## RECORDED DATA
--- START ---
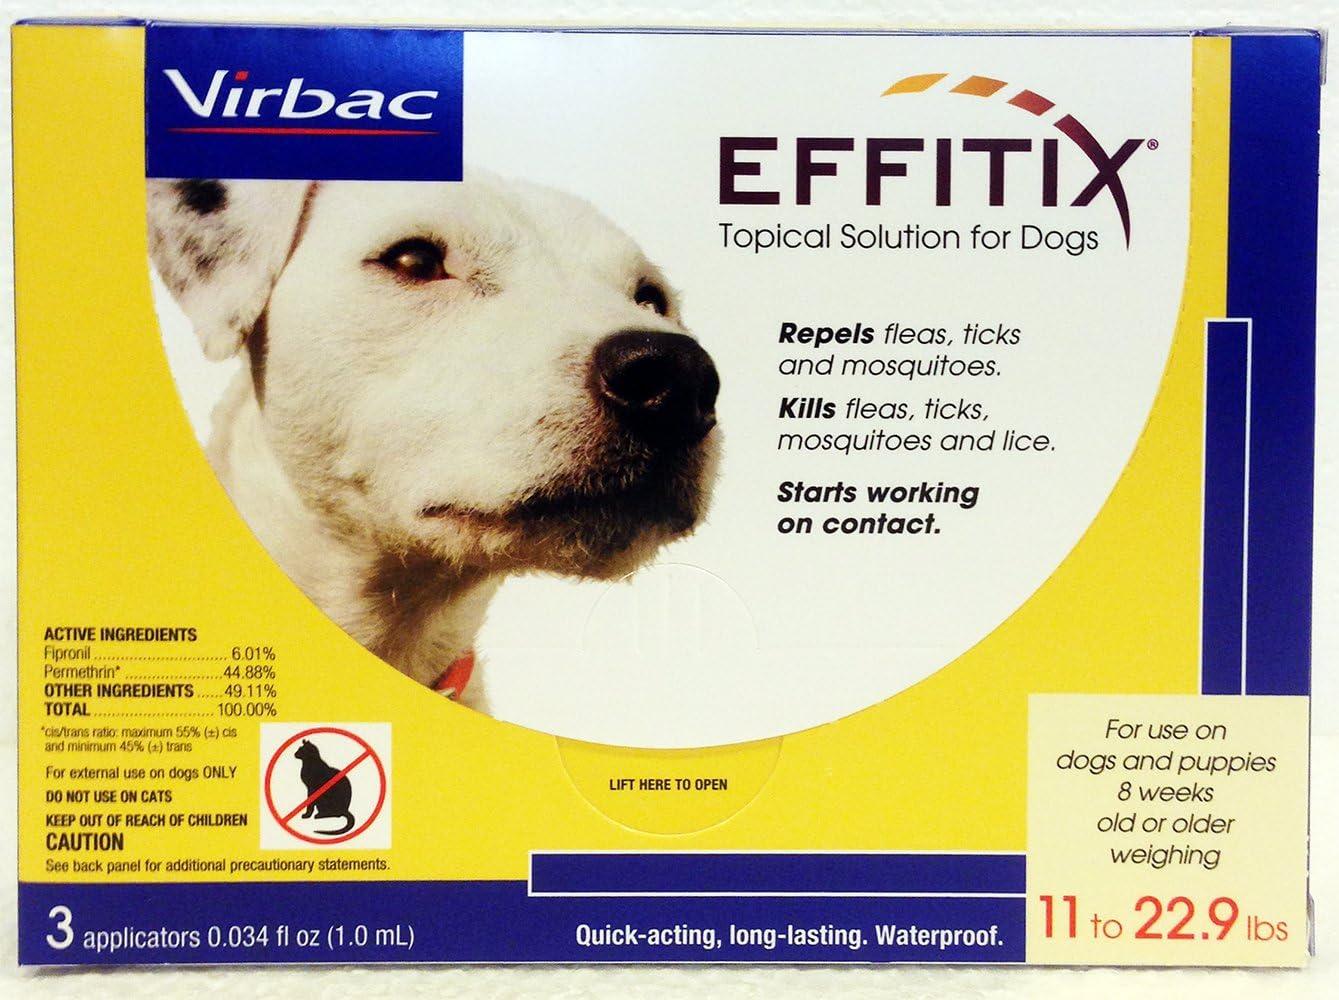 Virbac Effitix Flea/ Tick
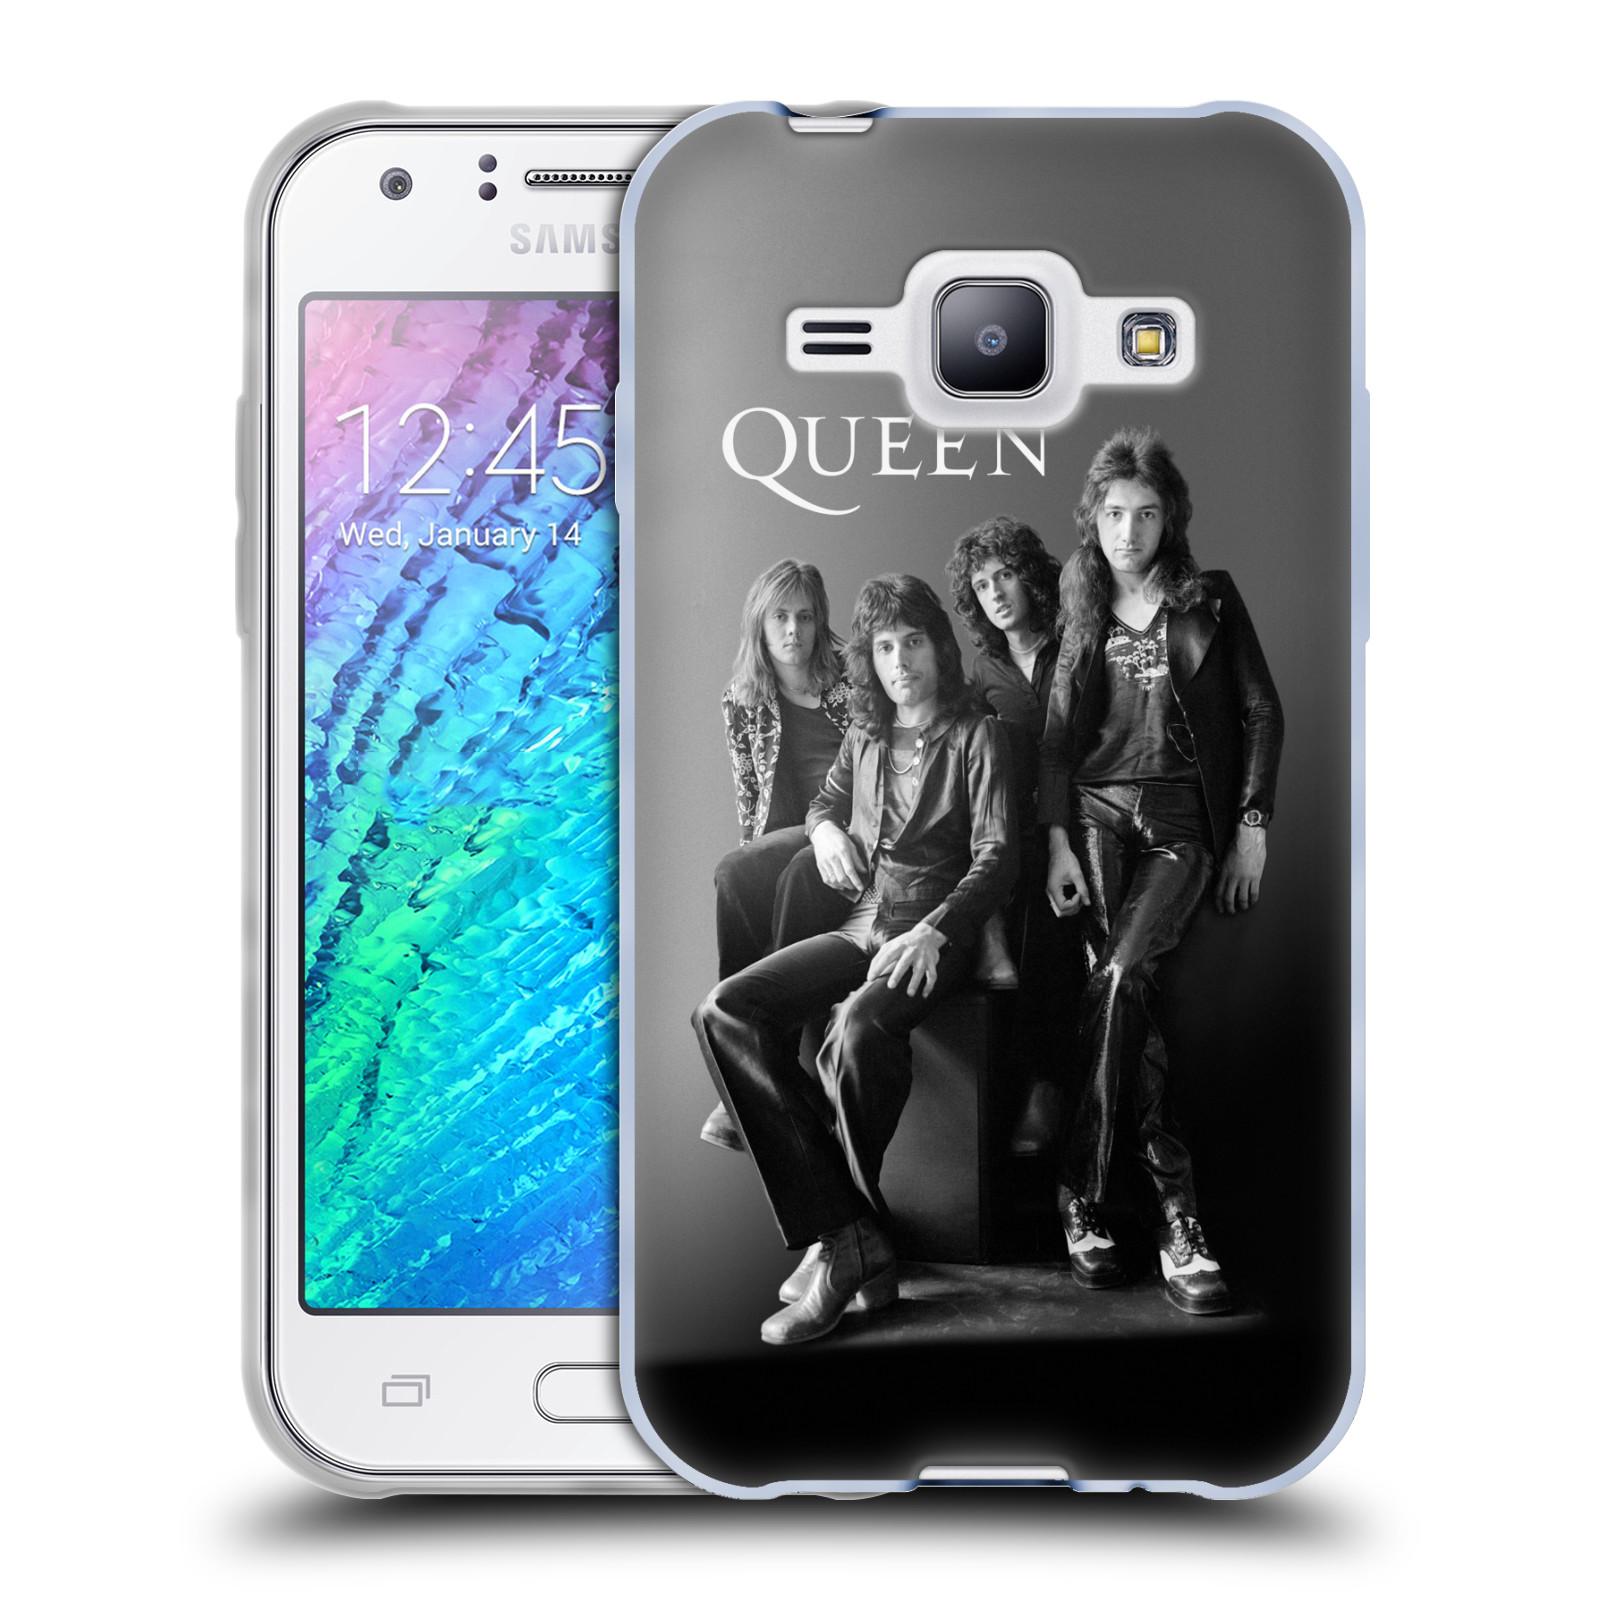 Silikonové pouzdro na mobil Samsung Galaxy J1 HEAD CASE Queen - Skupina (Silikonový kryt či obal na mobilní telefon licencovaným motivem Queen pro Samsung Galaxy J1 a J1 Duos)
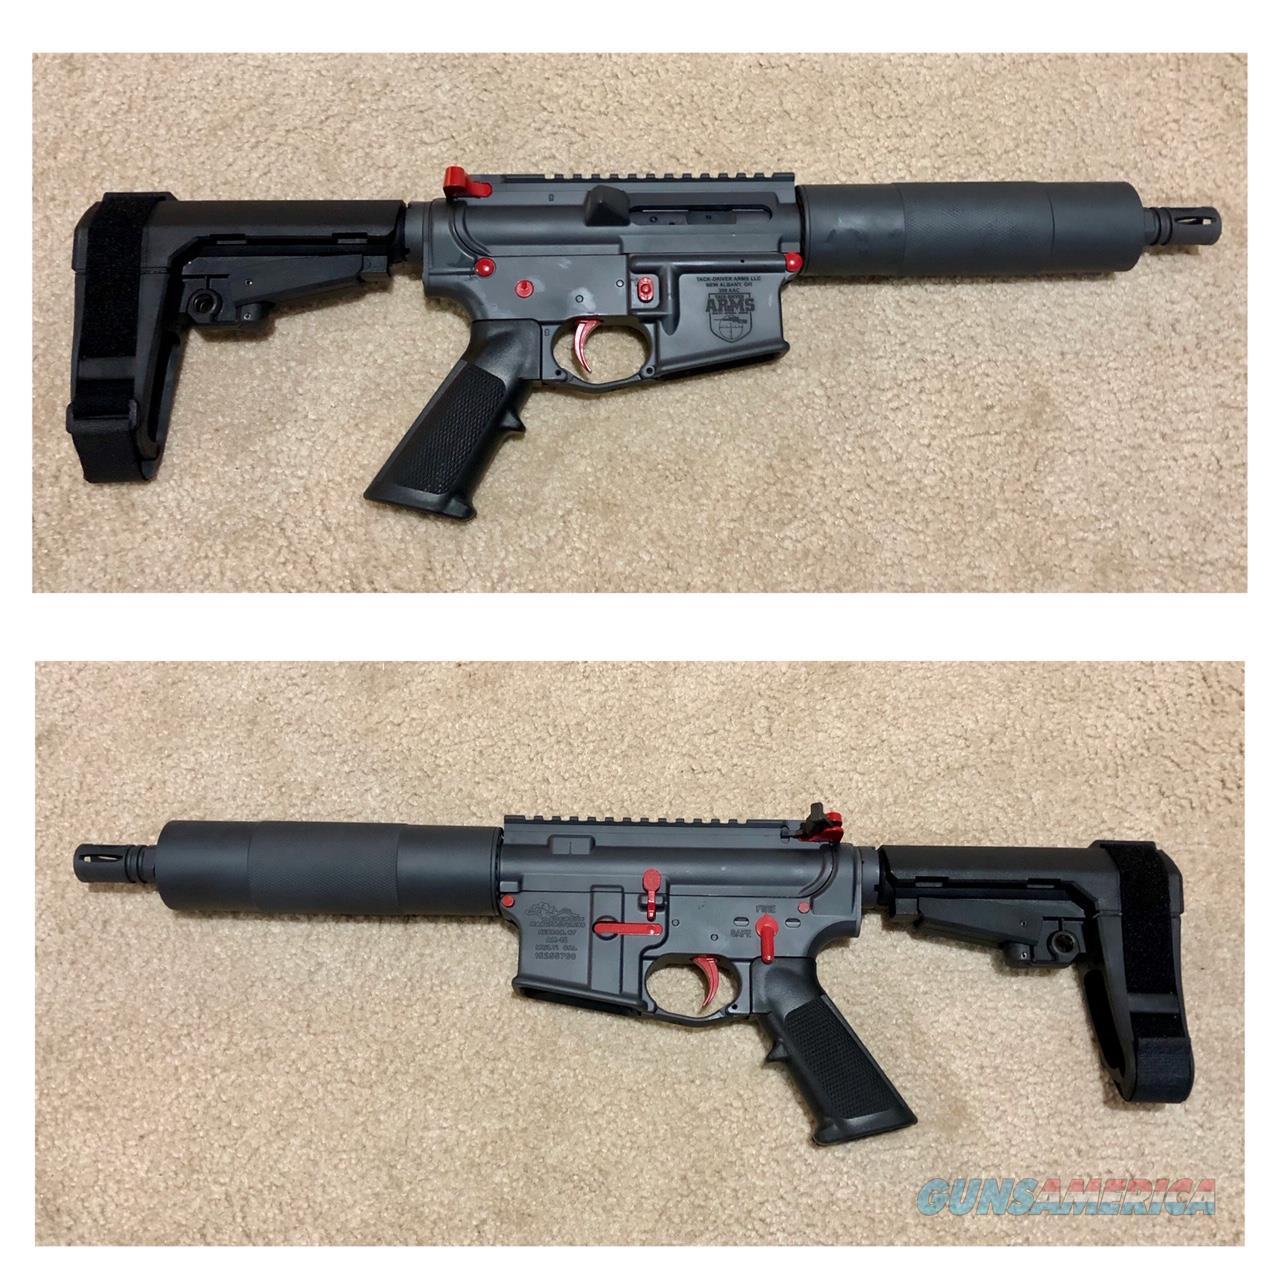 Custom Built 300 Blackout PISTOL w/ Custom Cerakote Scheme  Guns > Rifles > Custom Rifles > AR-15 Family
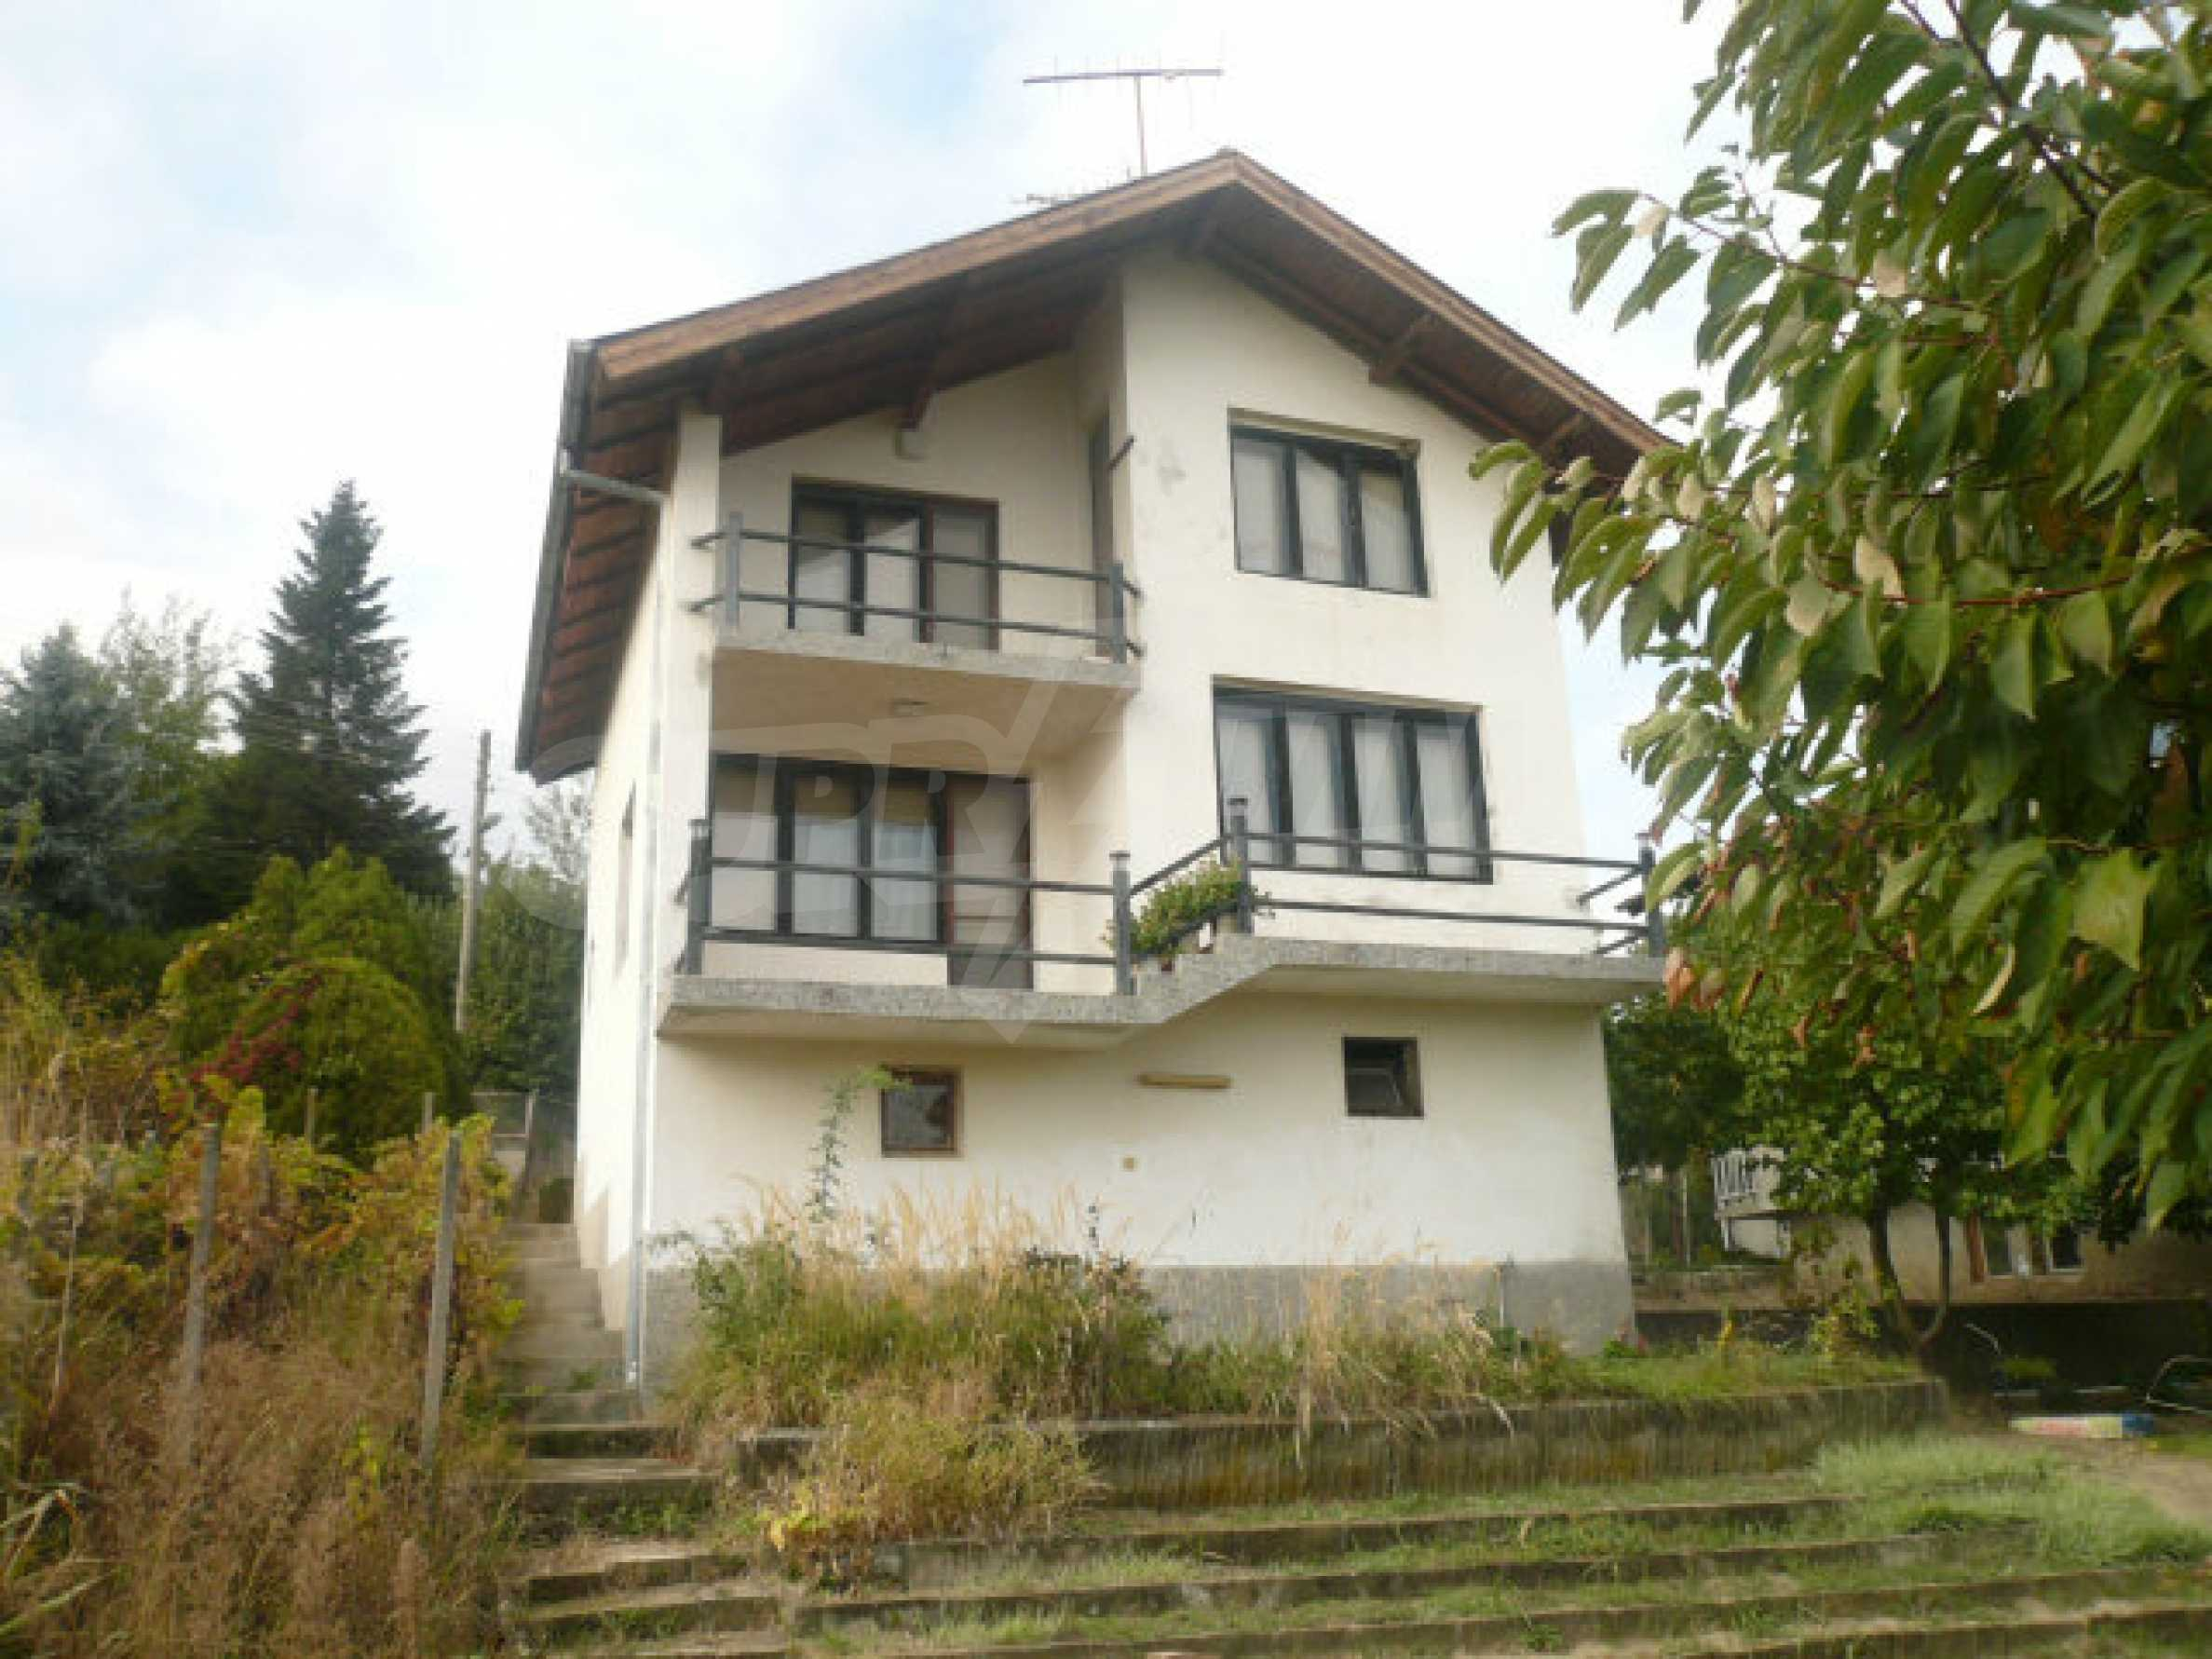 Three-storey villa next to Danube river
--- END ---
## YOUR ASSIGNMENT
From the first line to the last, repeat the data above exactly and leave the pictures out.

## REPLY
 Virbac Effitix Flea/ Tick
 Silikonové pouzdro na mobil Samsung Galaxy J1 HEAD CASE Queen - Skupina (Silikonový kryt či obal na mobilní telefon licencovaným motivem Queen pro Samsung Galaxy J1 a J1 Duos)
 Custom Built 300 Blackout PISTOL w/ Custom Cerakote Scheme  Guns > Rifles > Custom Rifles > AR-15 Family
 Three-storey villa next to Danube river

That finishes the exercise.